5. Hybrid maize seed which is produced by crossing two parental maize lines where at least one of said parental maize lines is a transgenic maize line which has in its genome a recombinant DNA construct comprising at least one oil-associated gene operably linked to a promoter which is functional in said plant to transcribe said oil-associated gene.

6-9. (canceled)

10. A method of breeding maize comprising selecting from a breeding population of maize plants a selected maize plant with higher oil than other maize plants in said breeding population based on allelic polymorphisms associated by linkage disequilibrium to a higher seed oil-related trait, wherein the selected maize plant has 1 or more higher oil alleles linked to a maize oil marker.

11. (canceled)

12. A method of breeding maize according to claim 10 wherein said selected maize plant has 2 or more higher oil alleles linked to a maize oil marker.

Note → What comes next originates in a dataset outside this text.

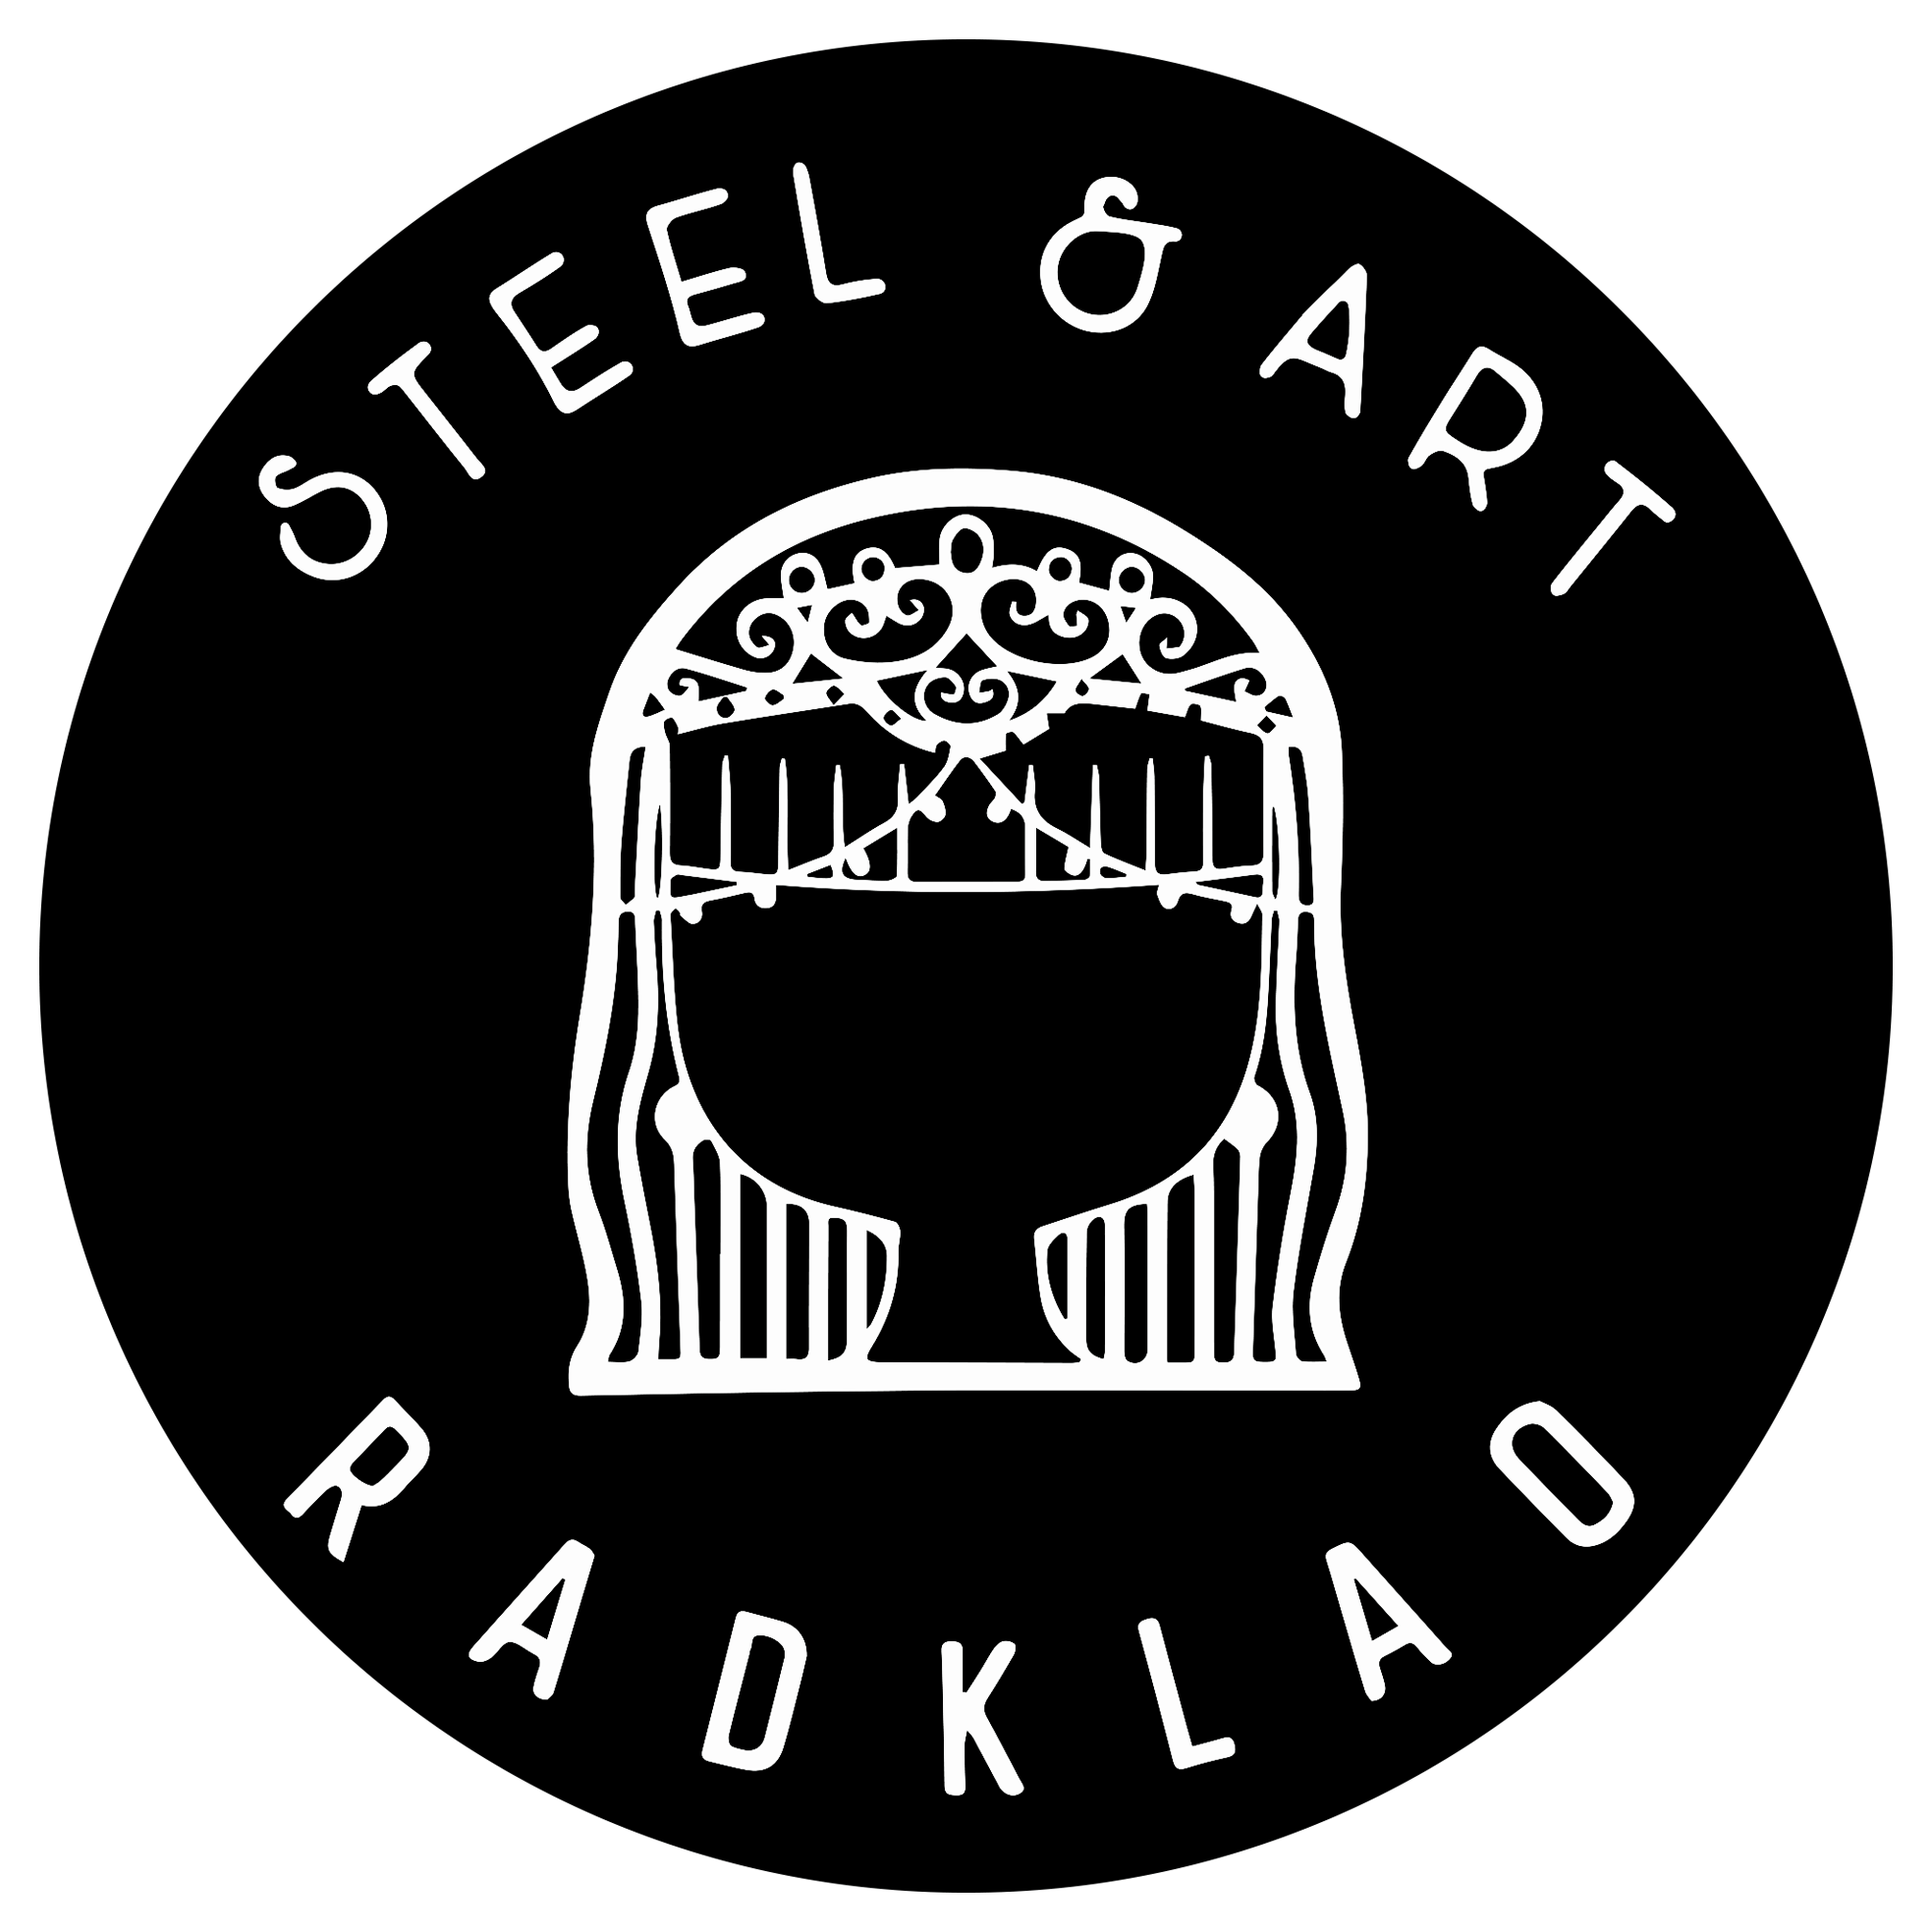 RADKLAO Steel & Art

13. A method of breeding maize according to claim 10 wherein said selected maize plant has 3 or more higher oil alleles linked to a maize oil marker.

14-20. (canceled)

21. A method of associating a seed oil-related trait to a genotype in maize comprising

(a) identifying a set of one or more seed oil level traits characterizing said maize plants,

(b) selecting tissue from at least two maize plants having allelic DNA and assaying DNA or mRNA from said tissue to identify the presence or absence of a set of distinct polymorphisms comprising at least one polymorphism linked to a polymorphic maize DNA locus which comprises at least 20 consecutive nucleotides which include or are adjacent to a maize oil marker, and

(c) identifying associations between said set of polymorphisms and said set of traits.